2.3. Secondary Benzylic Ammonium Salts

The work by Tian, Doyle, Minakata, and others impressively demonstrates the potential of using benzylic amine derivatives and azirdines as substrates for stereospecific cross-couplings to yield highly enantioenriched diarylalkanes. This prior art also taught us that both the nitrogen activating group and the catalyst components would be crucial in achieving high stereochemical fidelity in such cross-couplings. We needed to identify a nitrogen leaving group and conditions that would not lead to radical intermediates, epimerization, or β-hydride elimination. We proposed that the C(sp³)–N bond of benzyl amines, when activated as an ammonium salt, would undergo nickel-catalyzed cross-coupling reactions in a stereospecific fashion. Cross-coupling reactions of aryl ammonium salts were known,³³ and the trimethylammonium group was unlikely to undergo SET to form alkyl radical intermediates due to the lack of an available π* orbital. However, although allylic and benzylic ammonium salts had been utilized as electrophiles in reactions with organometallic nucleophiles,³⁴ their use in transition metal-catalyzed cross-coupling reactions was limited to a single example. Csákÿ and coworkers demonstrated the rhodium-catalyzed cross-coupling of gramine-derived ammonium iodide 16 with phenylboronic acid, affording 3-benzylindole 17 in 85% yield (Scheme 5).³⁵ Notably, this gramine-derived substrate benefits from weakening of the C–N bond by the indole, and no other benzylic ammonium salts were included.

Scheme 5.

Csákÿ’s rhodium-catalyzed Suzuki–Miyaura cross-coupling of a benzylic ammonium iodide.

Our goal was to develop a general method for the stereospecific cross-coupling of benzylic electrophiles and functional group-tolerant coupling partners.³⁶ Although great progress had been made with Grignard^18,37–39 and organozinc coupling partners,^8c,40–41 no enantioselective cross-couplings of benzylic electrophiles were known with arylboronic reagents at the time we began our work, and there was only a single stereospecific example of a benzylic α-cyanohydrin mesylate.^8b Highly enantioenriched benzylic amines are ideal electrophile precursors, because they are readily prepared, are stable to long-term storage, and offer a functional group handle orthogonal to halides and ethers.^12,42 Enantioenriched ammonium triflates 18 were readily prepared in quantitative yield via methylation of the corresponding chiral tertiary amines and did not require chromatographic purification.

The combination of Ni(cod)₂ and a monodentate phosphine, P(o-Tol)₃, proved optimal for catalyzing the cross-coupling, affording enantioenriched diarylmethanes in good yields, high stereochemical fidelity, and inversion of configuration at the benzylic stereocenter (Scheme 6).
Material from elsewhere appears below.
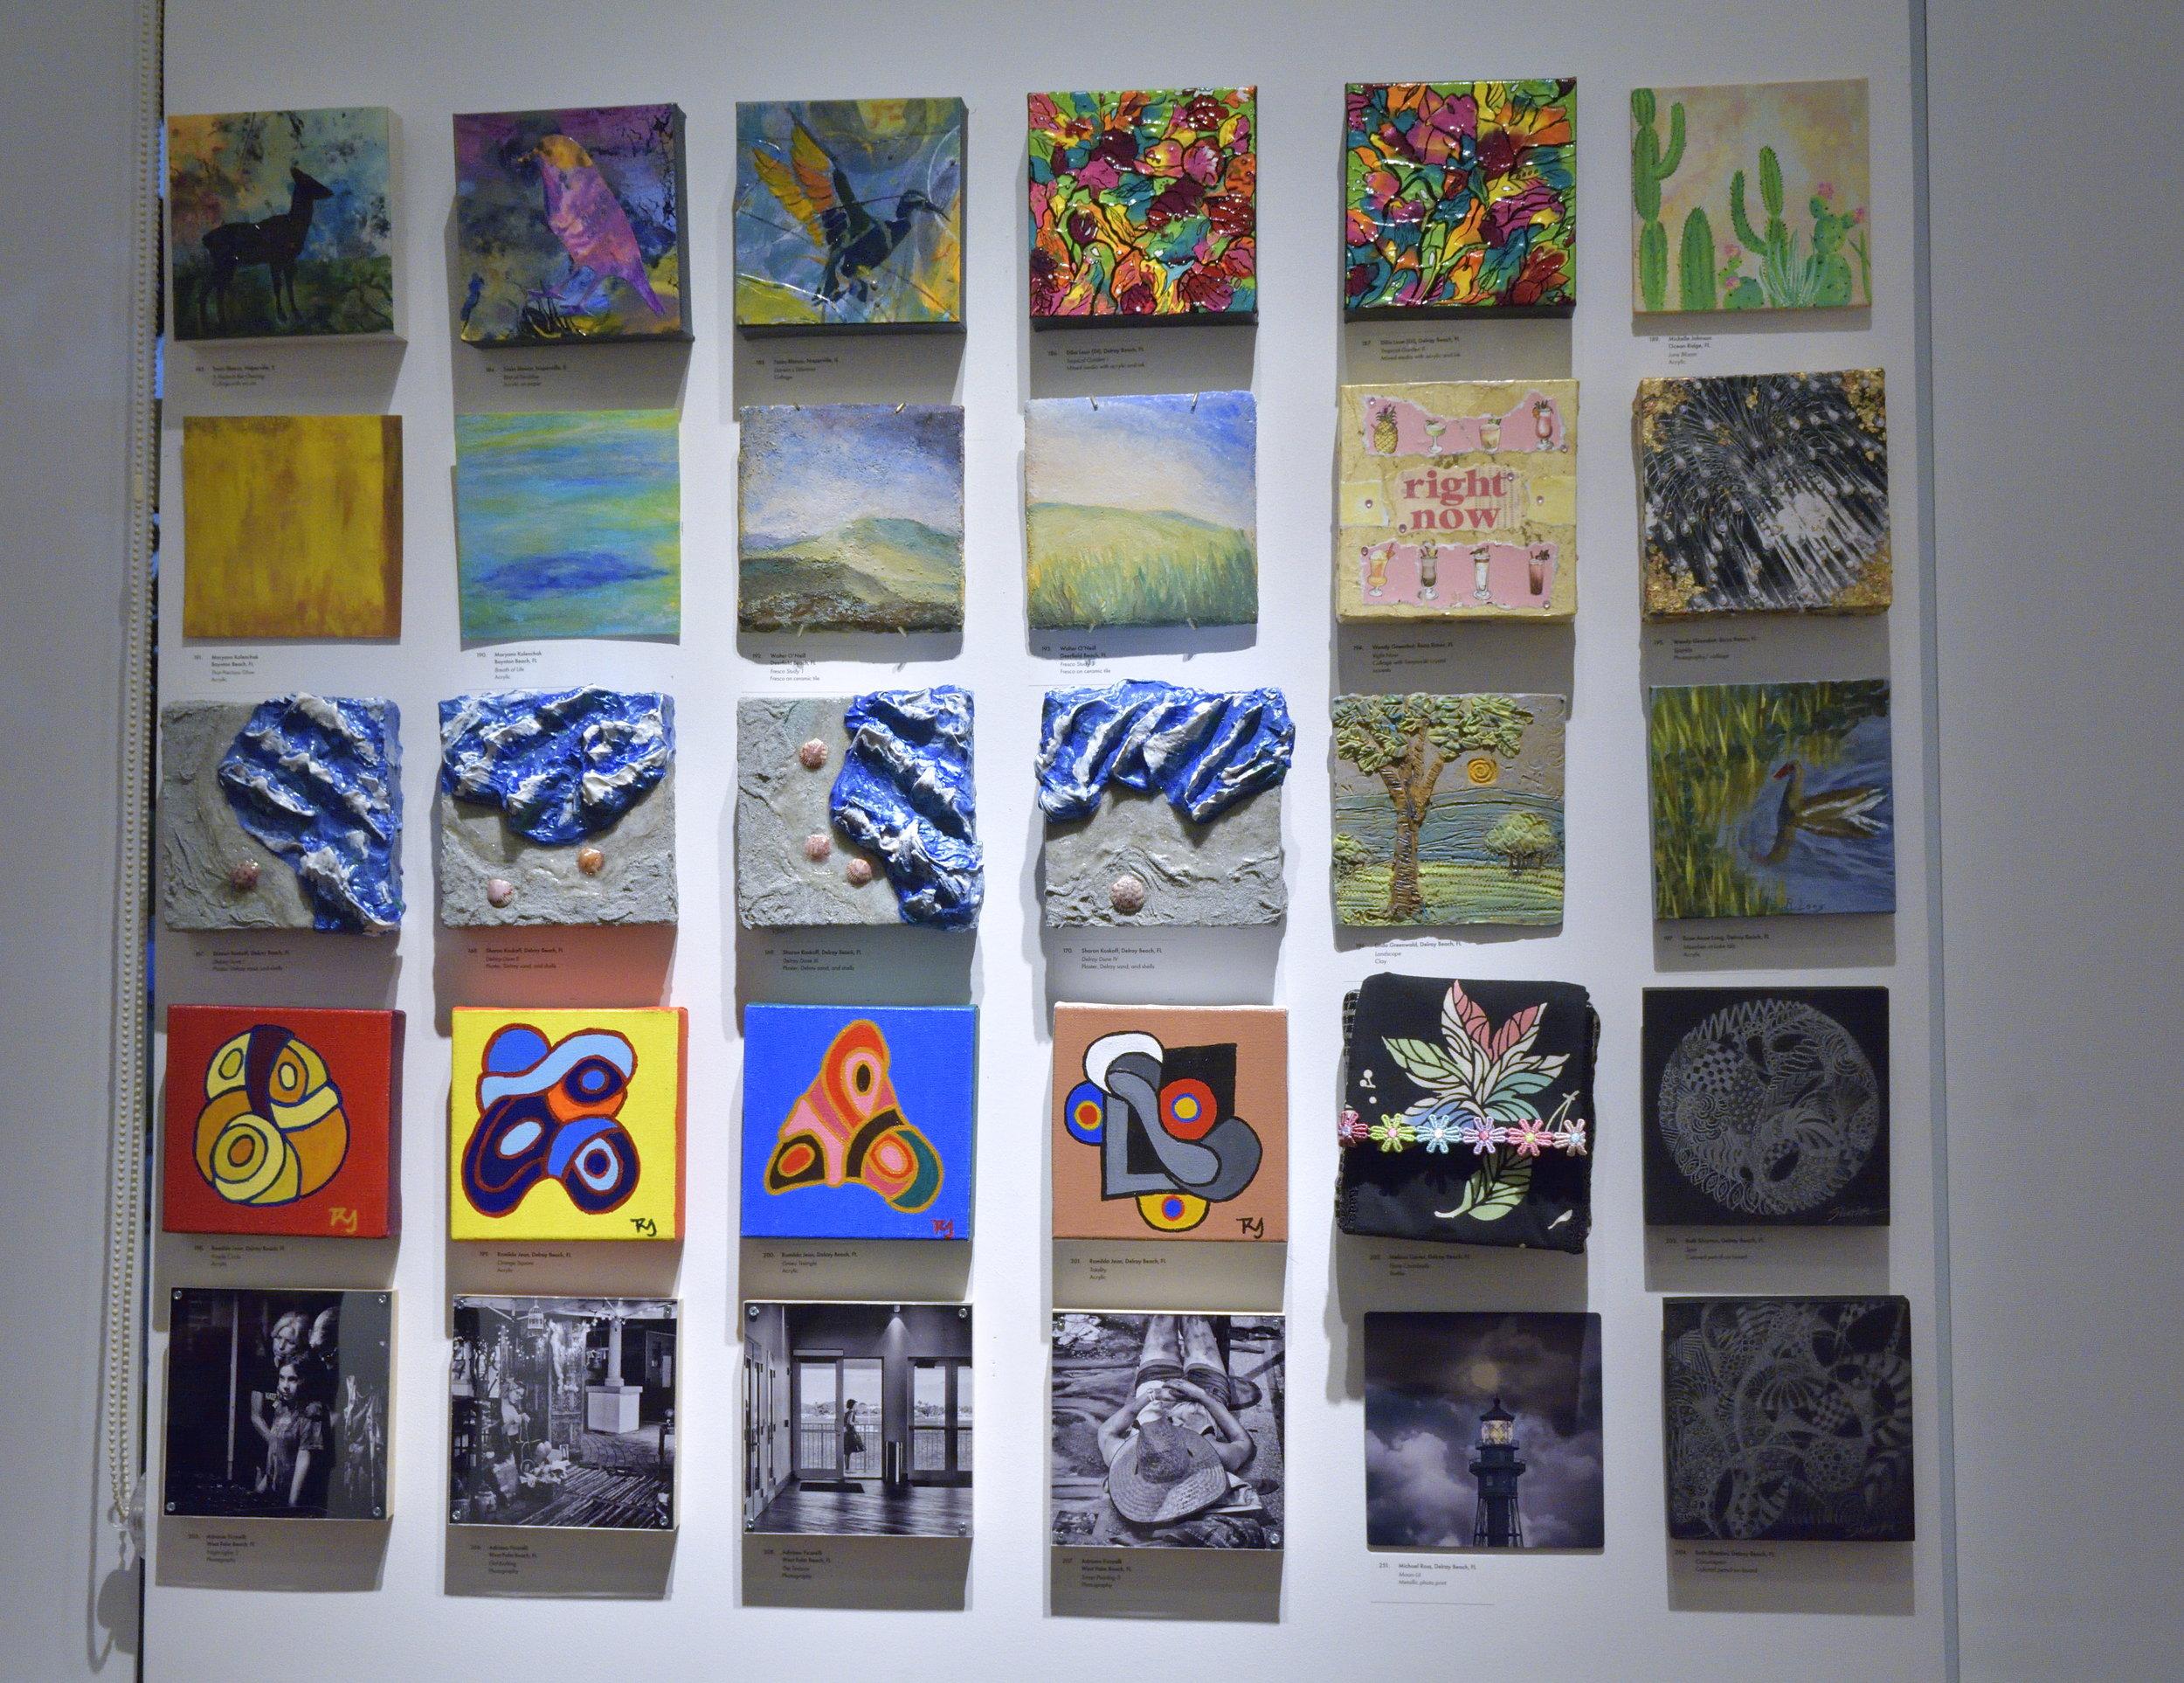 6X6_Exhibition_2018__18.jpg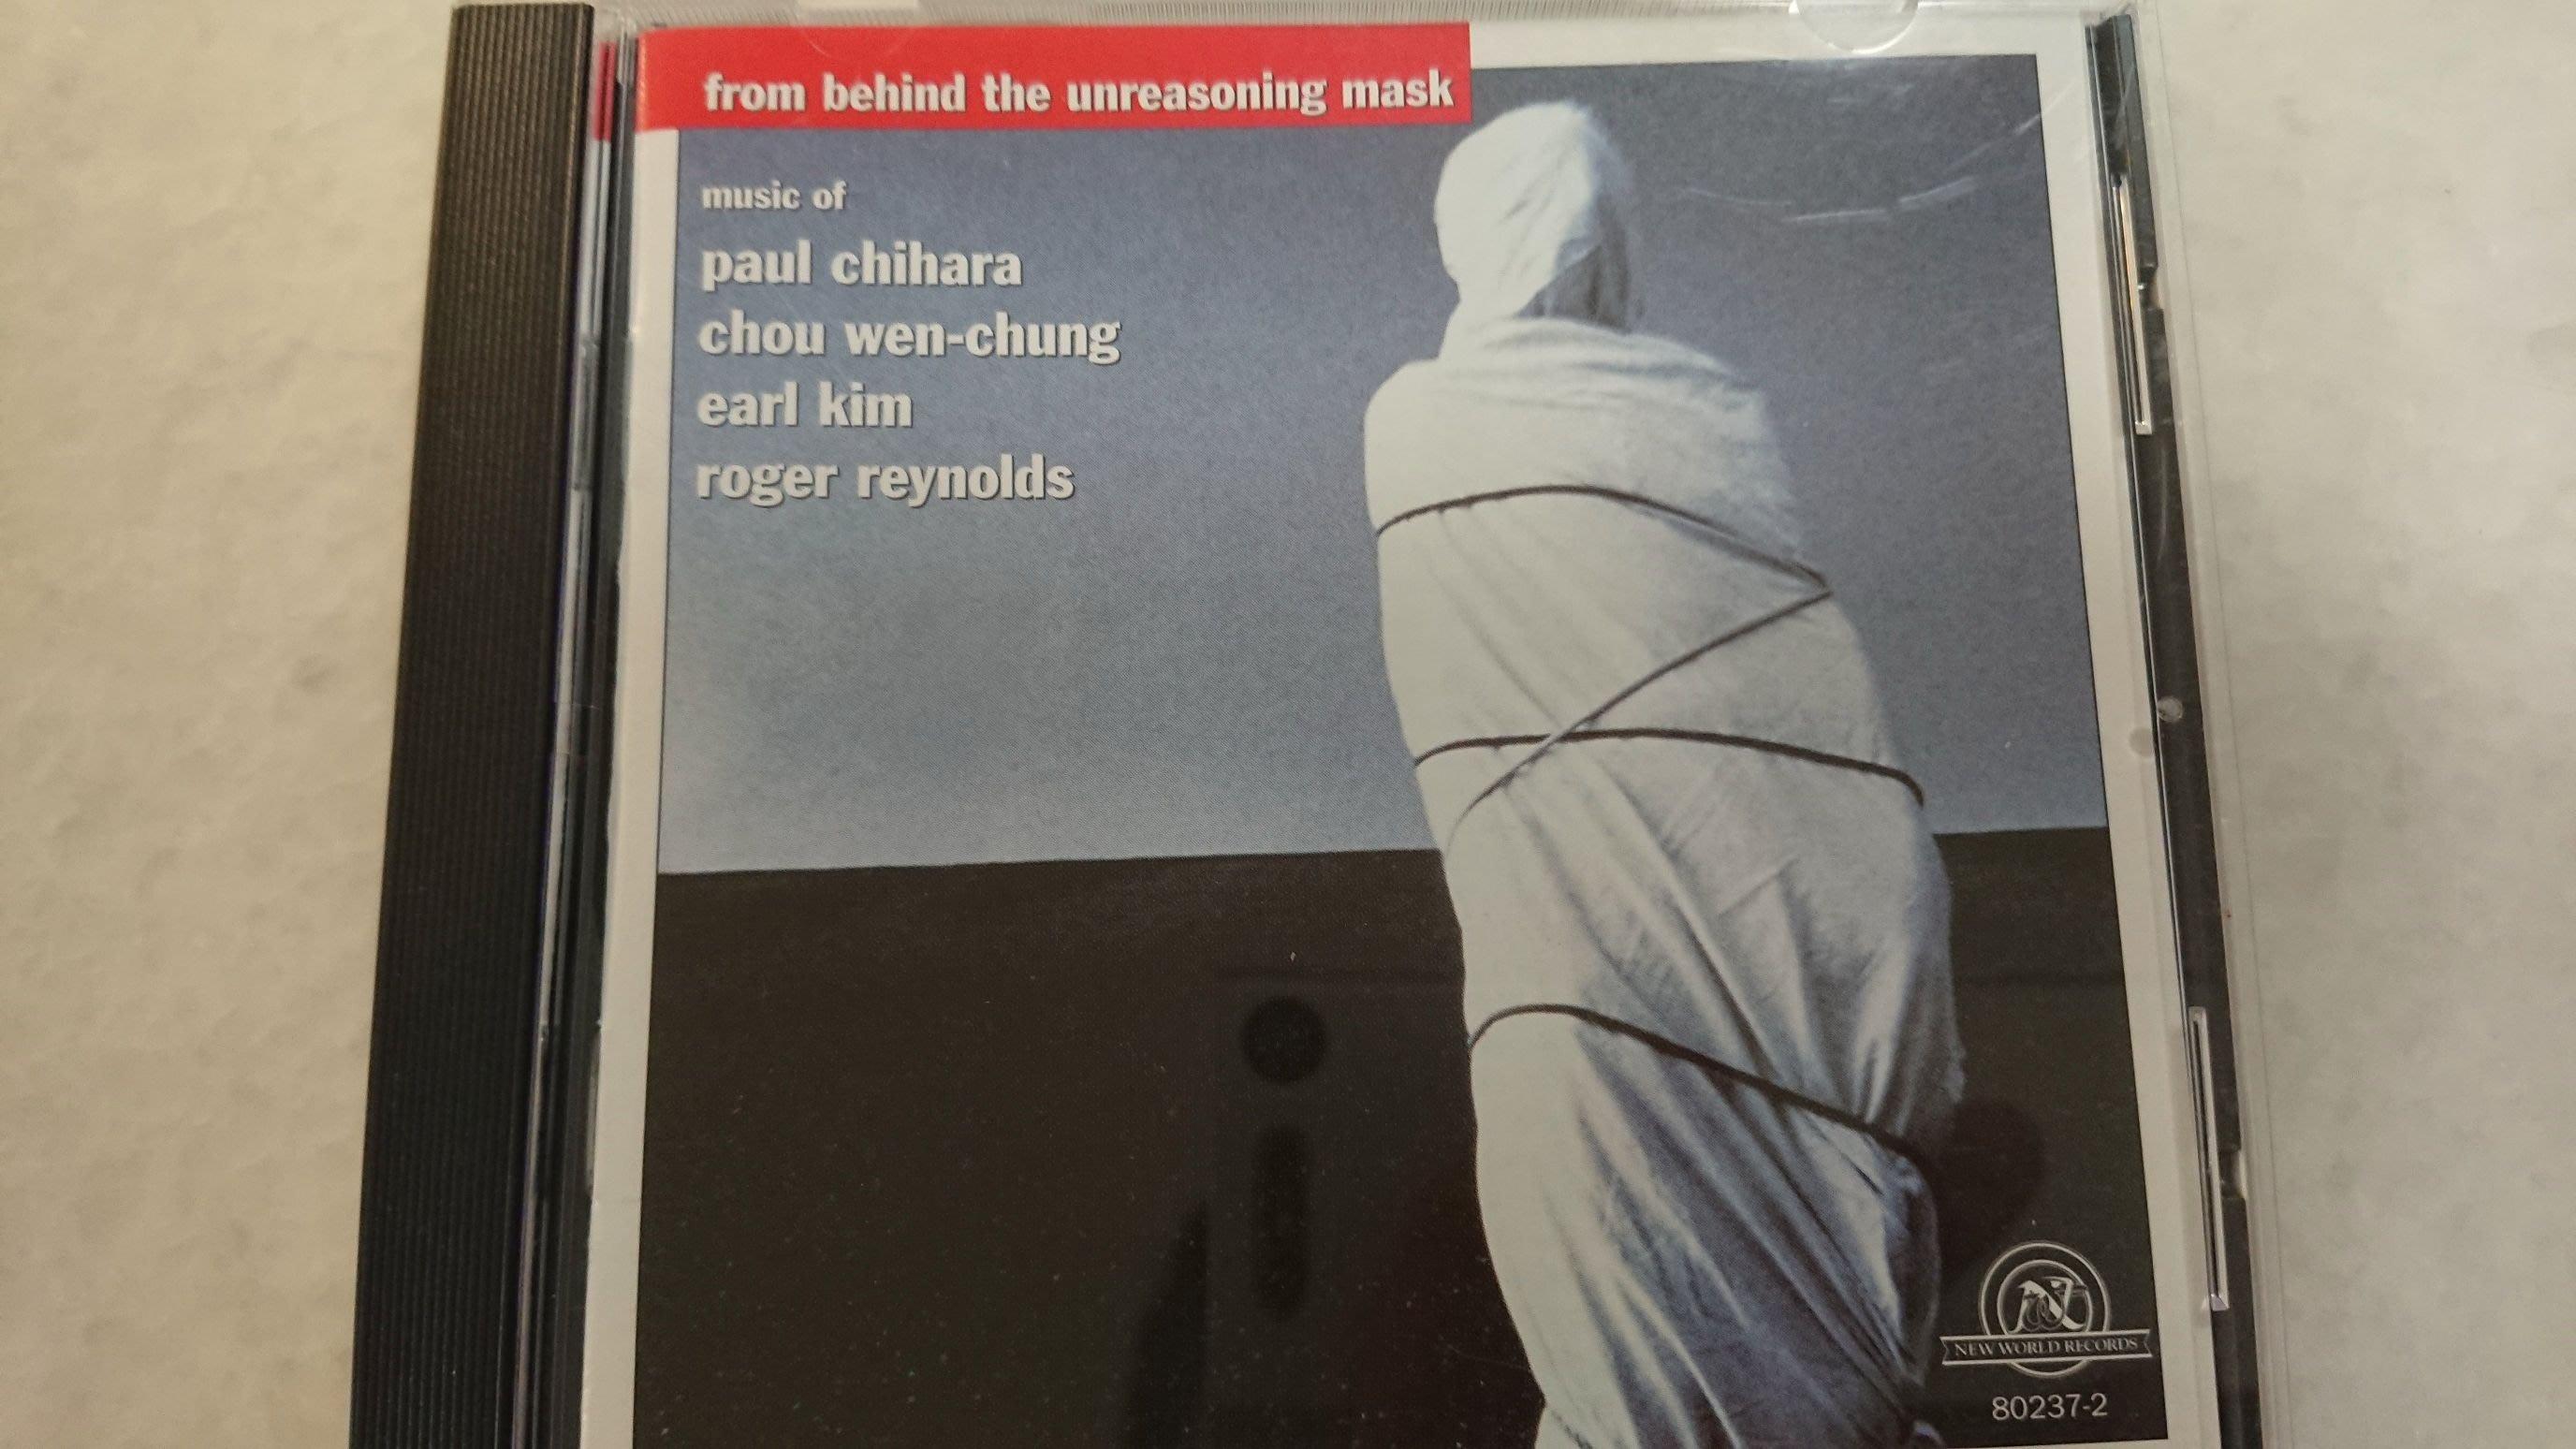 from behind the unreasoning mask music of paul chihara roger reynolds經典罕見發燒錄音爵士盤

The weakly coordinating triflate counterion gave the best reactivity. We hypothesize that this may be due to more facile coordination of the boronate to a more electrophilic Ni(II) intermediate. Either K₃PO₄ or CsF could serve as the base; however, if base-sensitive functional groups were present, the use of CsF proved advantageous. The mild conditions tolerated a wide range of functional groups, including ether 20, alkene 21, ester 22, and nitrile 23, highlighting the advantage of an arylboronic acid over a Grignard partner. In addition to arylboronic acids, a vinylboronic acid underwent the cross-coupling to give 24 in 96% yield and >99% es. To expand the ammonium triflate scope beyond those with napthyl substitution—a common limitation in stereospecific cross-couplings^{37–40,43–44}—higher catalyst loadings and a change of ligand to ^tBu-XantPhos were required. Using these modified conditions, diarylethanes 25 and 26 were obtained with excellent stereochemical fidelity albeit lower yields. Additionally, these conditions allowed selective C–N bond activation in the presence of ethers, highlighting the orthogonal functionality of ammonium salts.

Scheme 6.

Our stereospecific, nickel-catalyzed arylation of benzylic ammonium triflates with boronic acids to form enantioenriched diarylethanes. *^tBu-XantPhos used as ligand in place of P(^oTol)₃.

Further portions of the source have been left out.